Optimizing Specific and Shared Parameters for Efficient Parameter Tuning
This work addresses the problem of computational efficiency in transfer learning for AI practitioners, offering an incremental improvement over existing methods.
The paper tackles the challenge of efficiently adapting foundation models to downstream tasks with minimal computational overhead by proposing SaS, a Parameter-Efficient Transfer Learning method that integrates shared and layer-specific modules, achieving enhanced performance while adding less than 0.05% additional parameters.

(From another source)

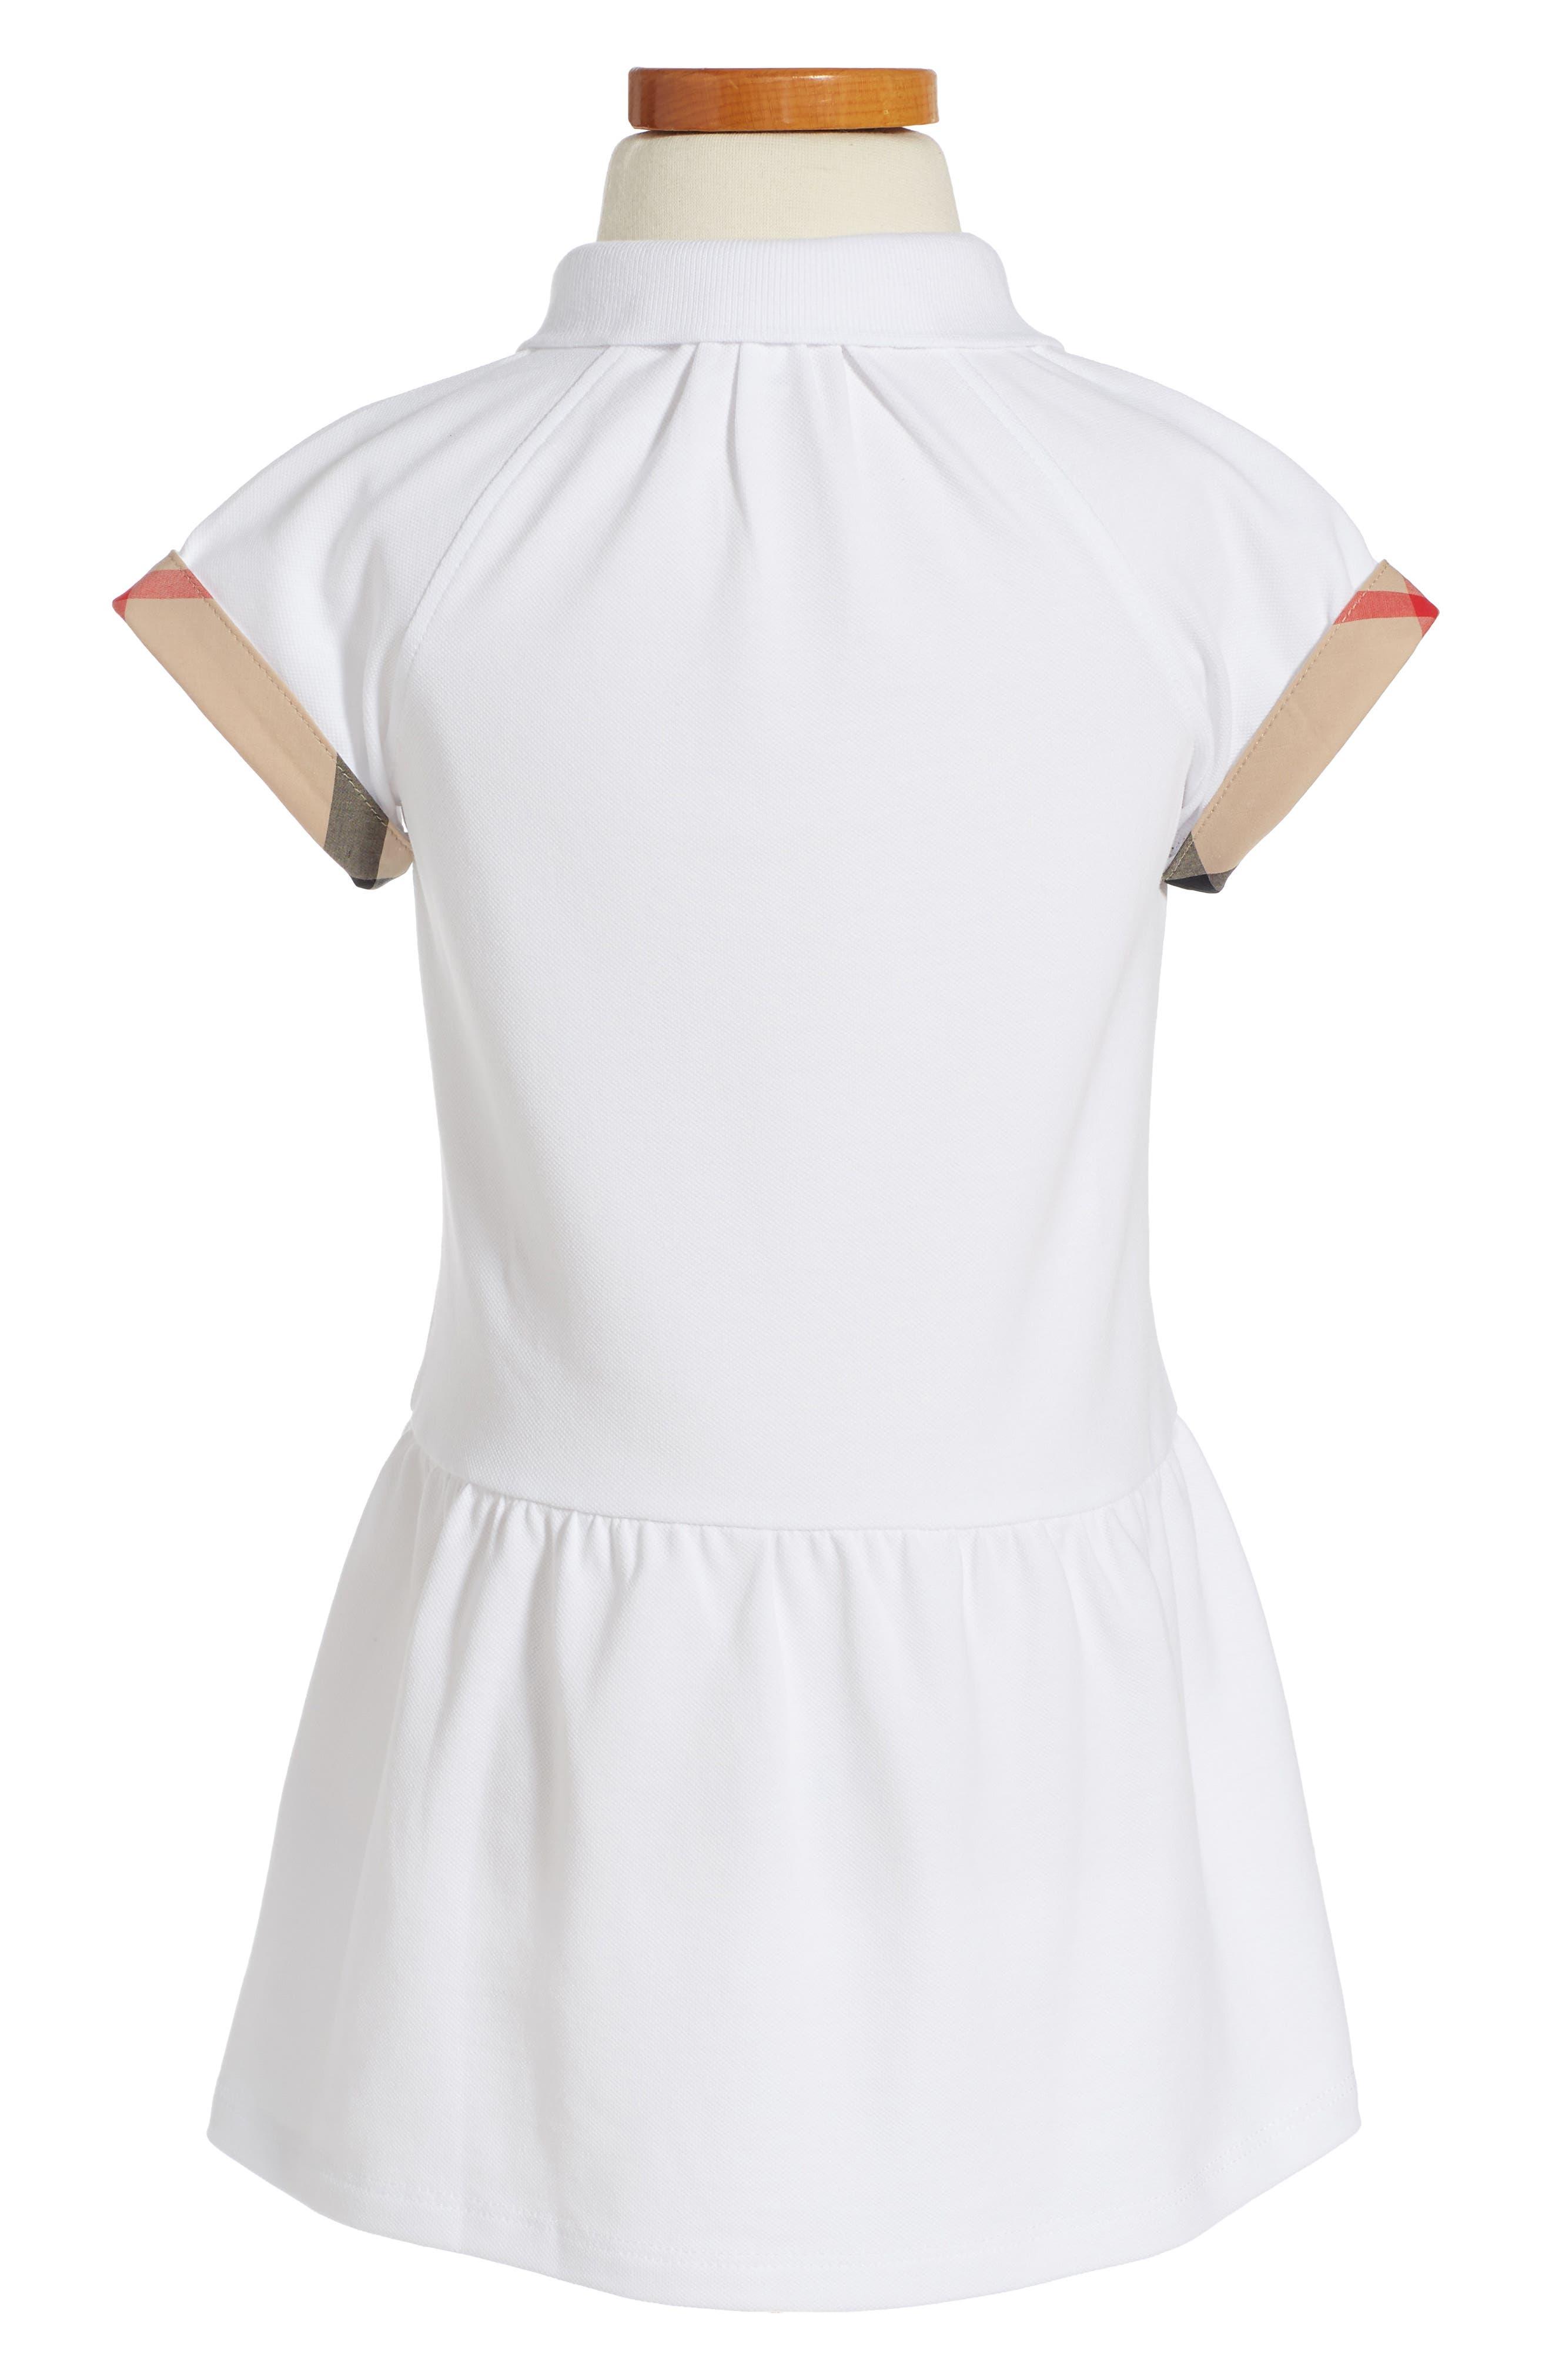 Alternate Image 2  - Burberry Mini Cali Polo Dress (Toddler Girls)

Foundation models, with a vast number of parameters and pretraining on massive datasets, achieve state-of-the-art performance across various applications. However, efficiently adapting them to downstream tasks with minimal computational overhead remains a challenge. Parameter-Efficient Transfer Learning (PETL) addresses this by fine-tuning only a small subset of parameters while preserving pre-trained knowledge. In this paper, we propose SaS, a novel PETL method that effectively mitigates distributional shifts during fine-tuning. SaS integrates (1) a shared module that captures common statistical characteristics across layers using low-rank projections and (2) a layer-specific module that employs hypernetworks to generate tailored parameters for each layer. This dual design ensures an optimal balance between performance and parameter efficiency while introducing less than 0.05% additional parameters, making it significantly more compact than existing methods. Extensive experiments on diverse downstream tasks, few-shot settings and domain generalization demonstrate that SaS significantly enhances performance while maintaining superior parameter efficiency compared to existing methods, highlighting the importance of capturing both shared and layer-specific information in transfer learning. Code and data are available at https://anonymous.4open.science/r/SaS-PETL-3565.